**Dataset content:**
== Segment start ==
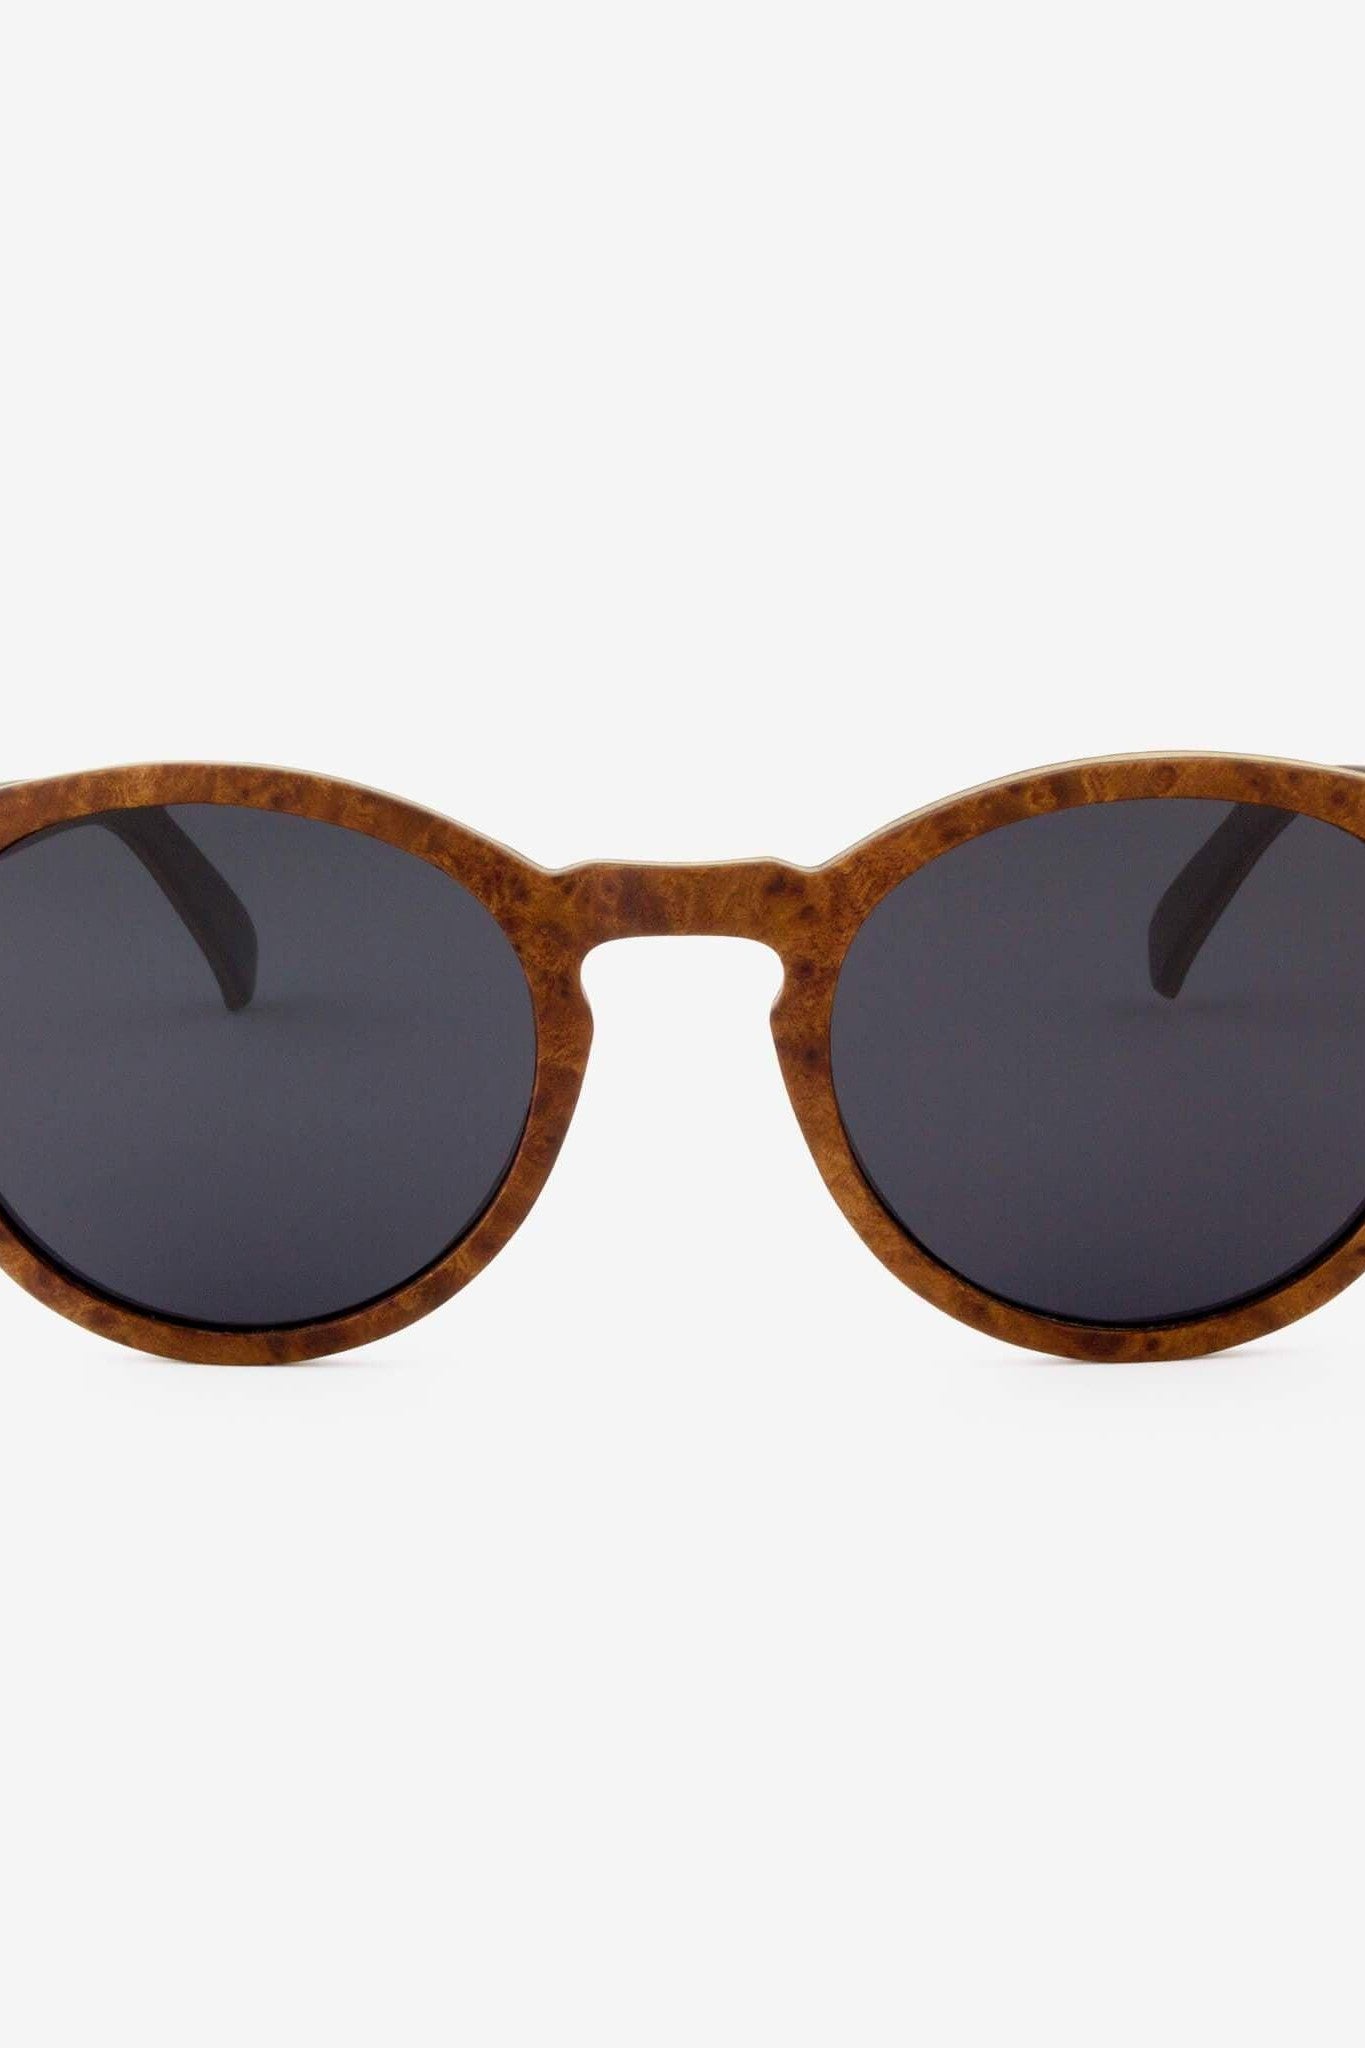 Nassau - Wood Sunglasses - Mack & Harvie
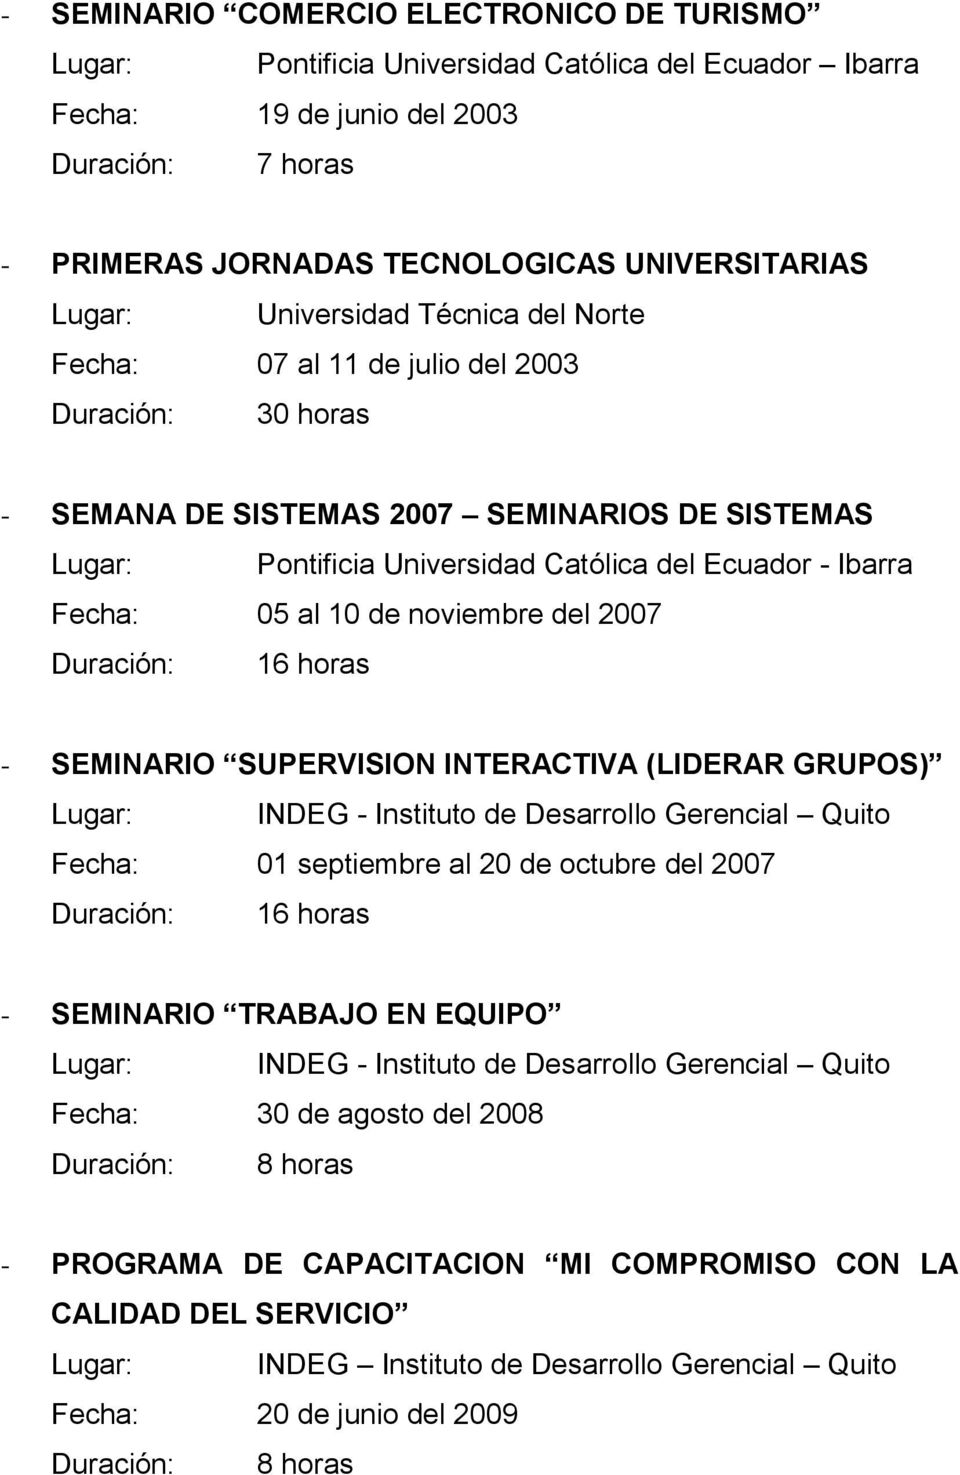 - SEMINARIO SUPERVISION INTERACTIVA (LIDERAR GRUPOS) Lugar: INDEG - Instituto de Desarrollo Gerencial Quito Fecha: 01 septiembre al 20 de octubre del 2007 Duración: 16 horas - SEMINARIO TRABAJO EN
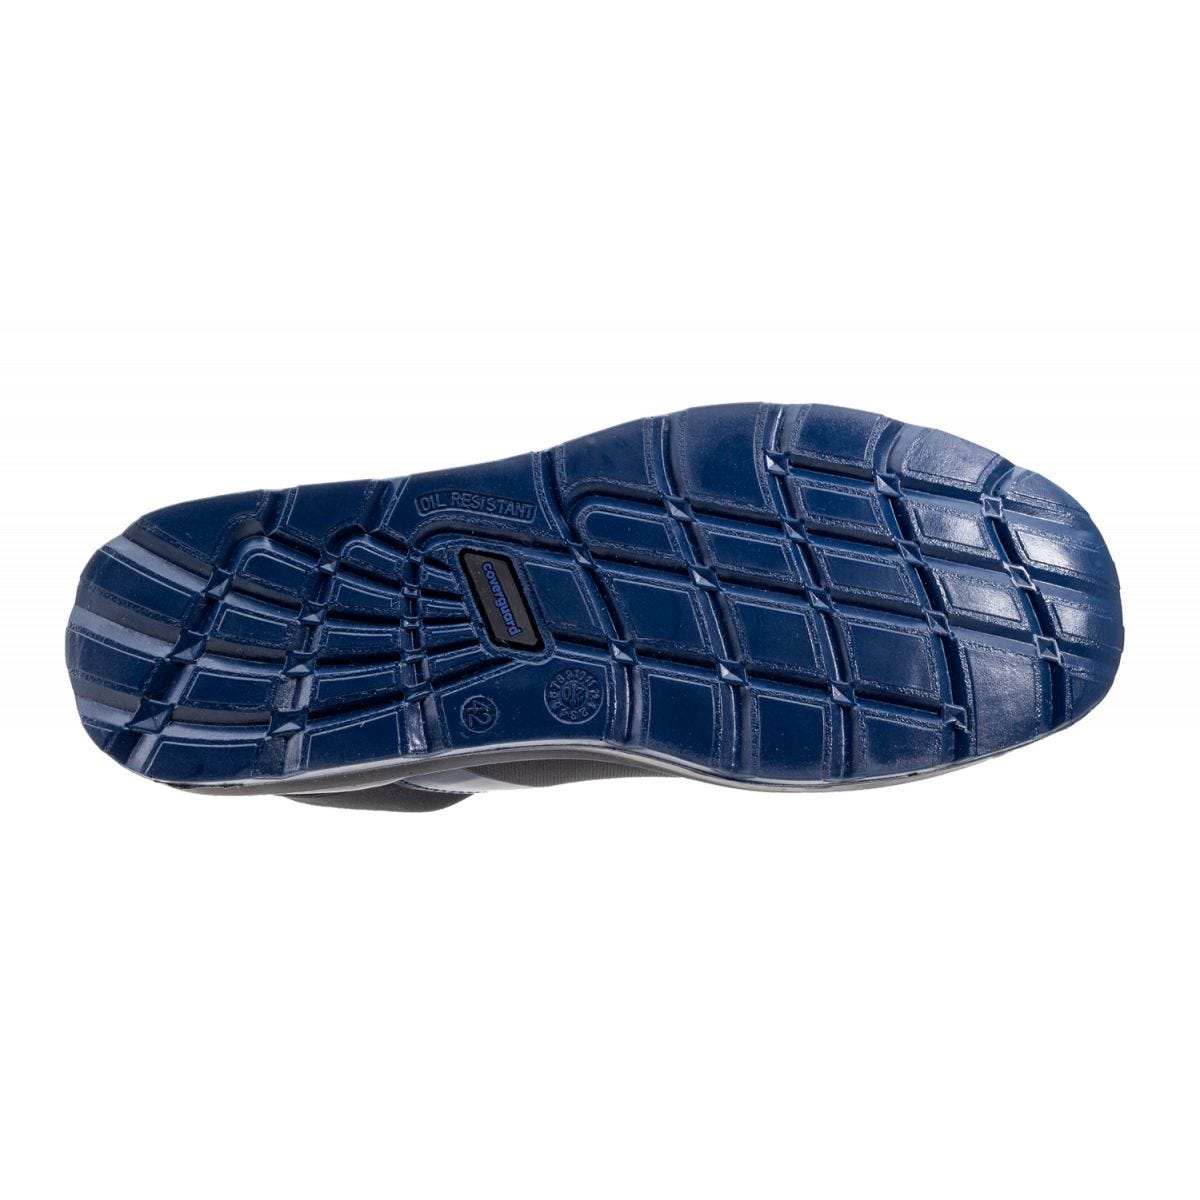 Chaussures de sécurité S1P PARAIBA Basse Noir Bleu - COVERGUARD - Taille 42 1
== Segment end ==
**Work request:**
Return all of the data exactly as written, and drop the pictures.

**Task solution:**
 Nassau - Wood Sunglasses - Mack & Harvie
 - SEMINARIO SUPERVISION INTERACTIVA (LIDERAR GRUPOS) Lugar: INDEG - Instituto de Desarrollo Gerencial Quito Fecha: 01 septiembre al 20 de octubre del 2007 Duración: 16 horas - SEMINARIO TRABAJO EN
 Chaussures de sécurité S1P PARAIBA Basse Noir Bleu - COVERGUARD - Taille 42 1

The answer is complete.